INFORMATION SUPPLIED:
Start of Block

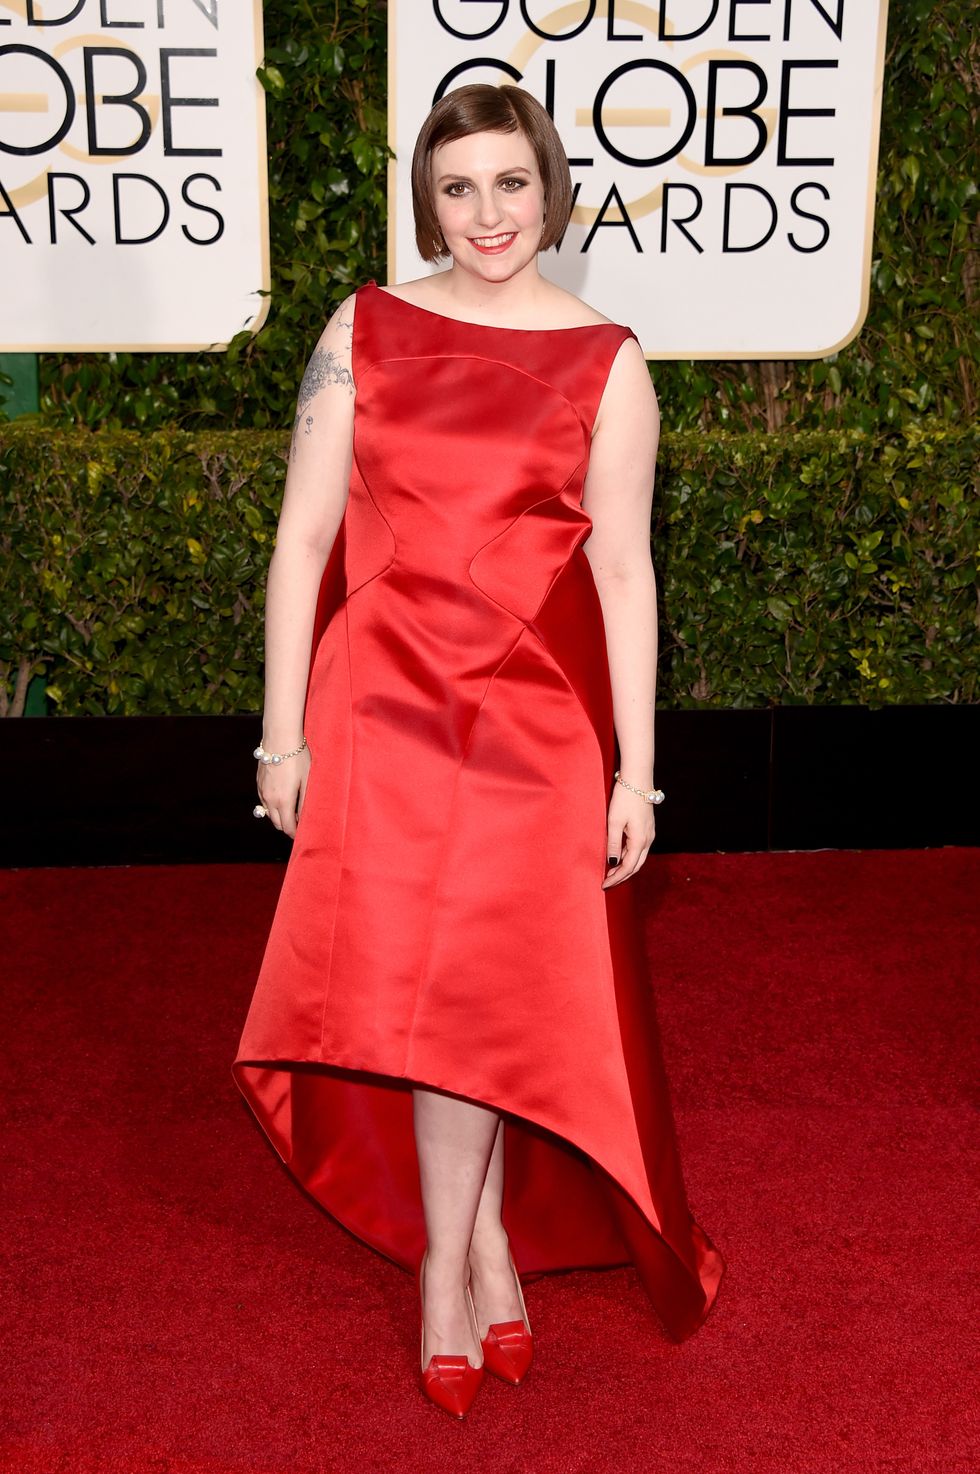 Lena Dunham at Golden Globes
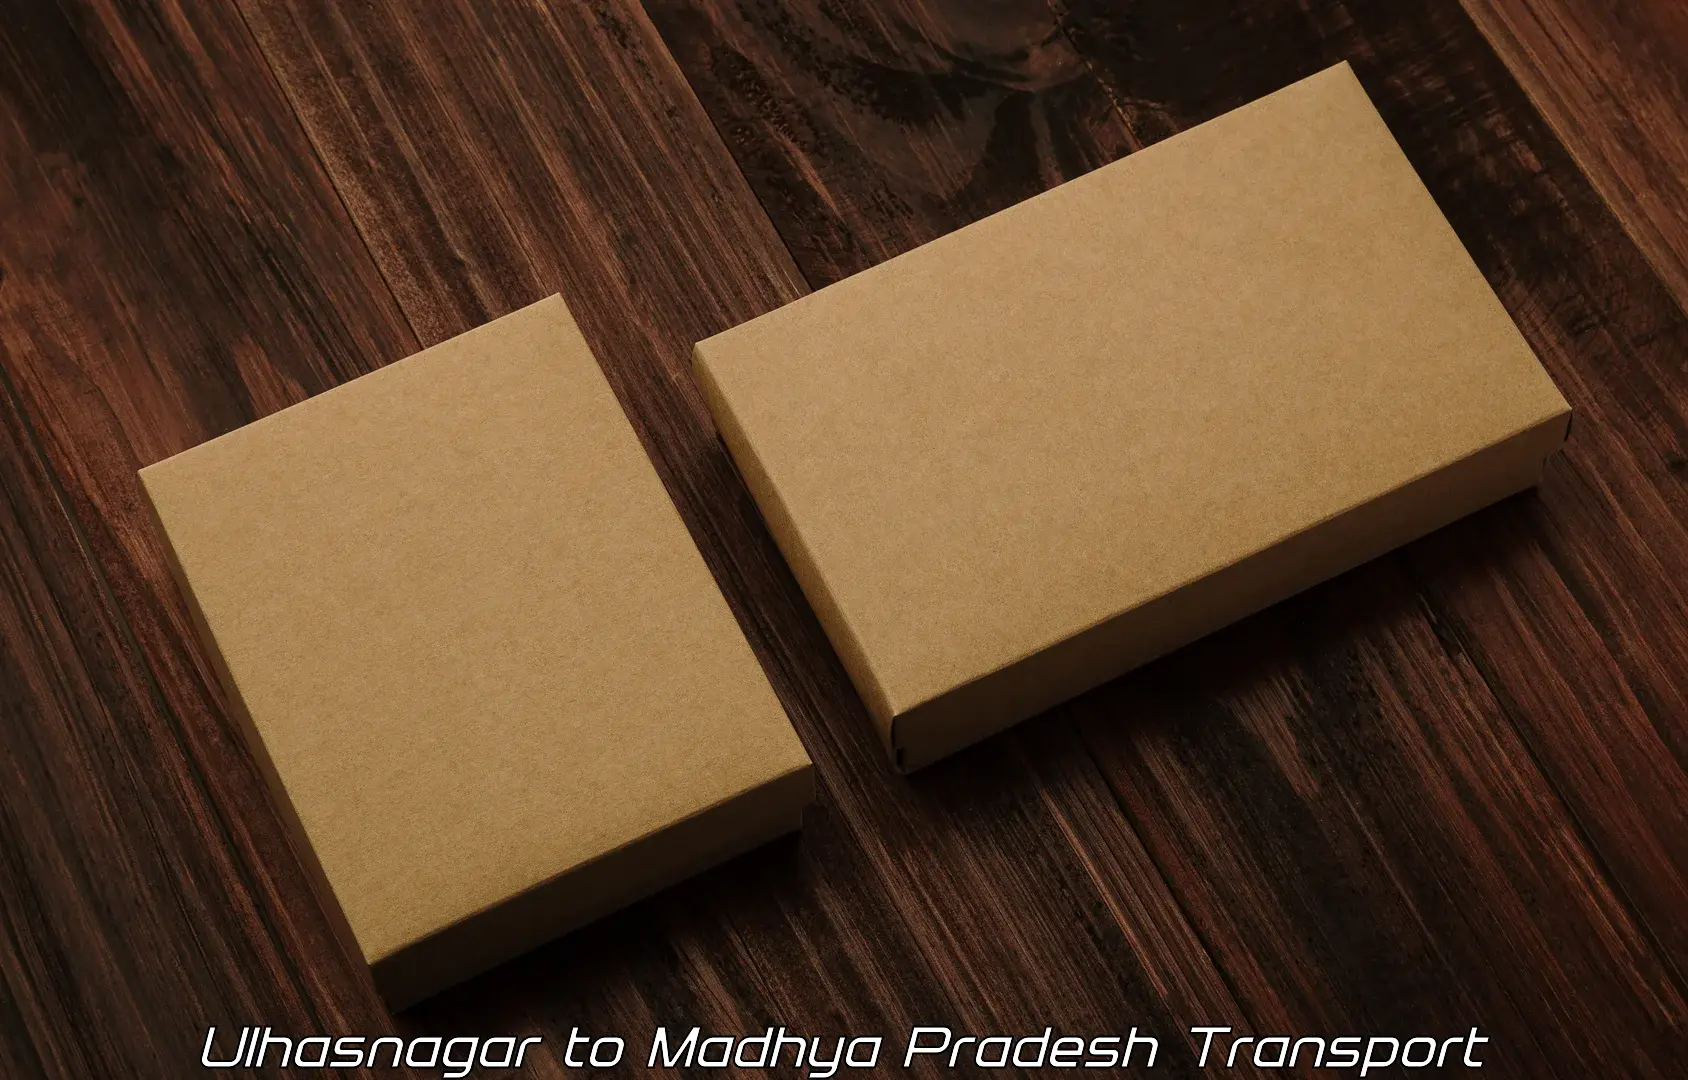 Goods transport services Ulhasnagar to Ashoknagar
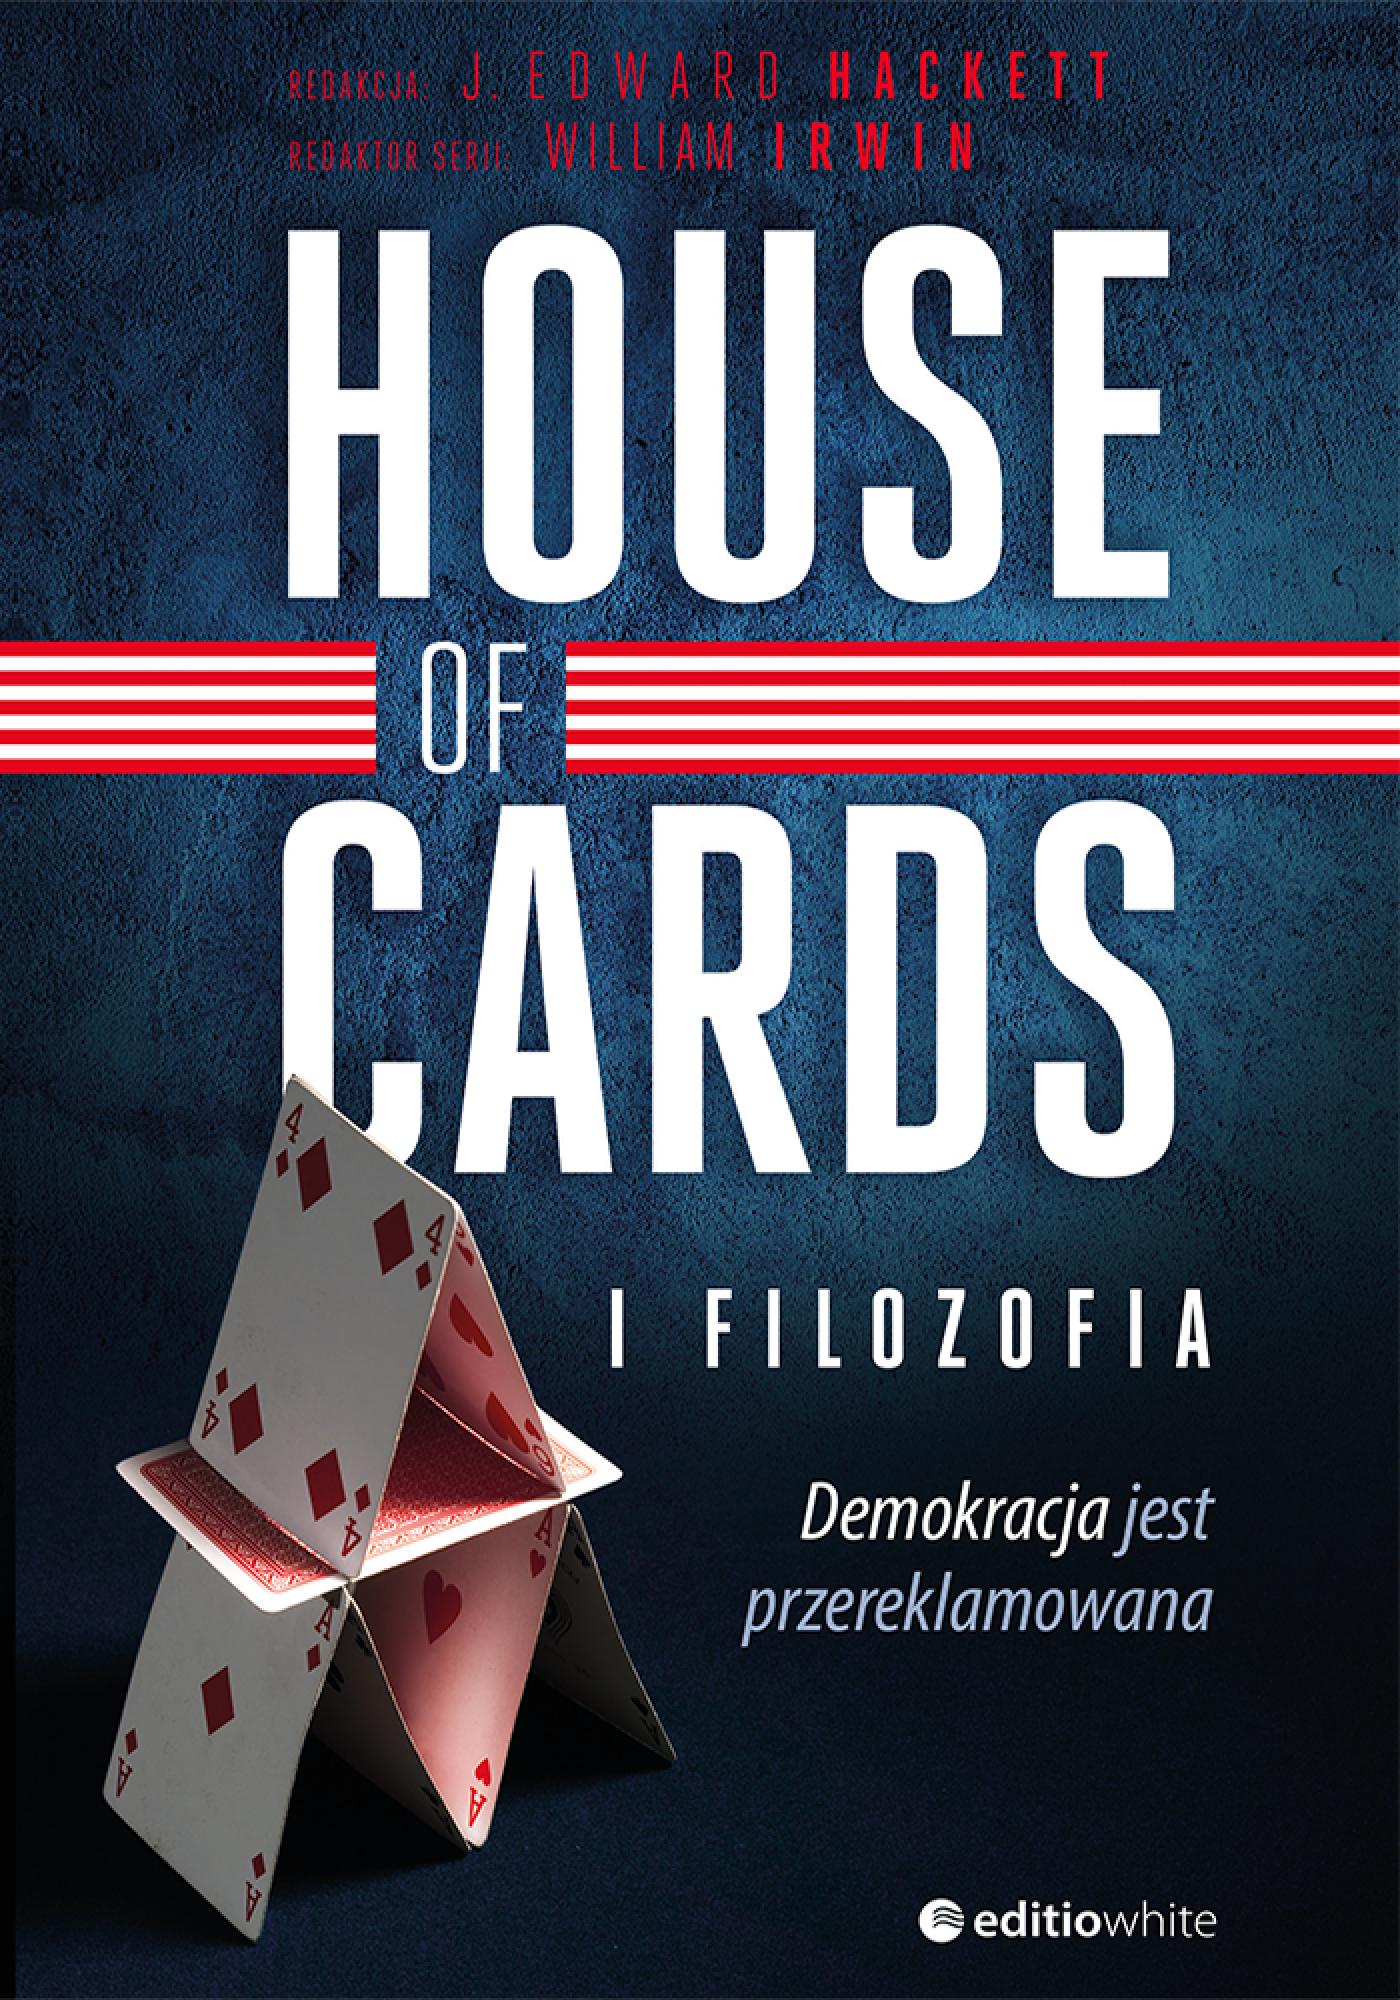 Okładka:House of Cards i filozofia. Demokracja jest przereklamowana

End of Block

WHAT TO DO: Give back the whole listing exactly as it stands. No pictures belong in the copy.

ANSWER SECTION:
 Lena Dunham at Golden Globes
 Goods transport services Ulhasnagar to Ashoknagar
 Okładka:House of Cards i filozofia. Demokracja jest przereklamowana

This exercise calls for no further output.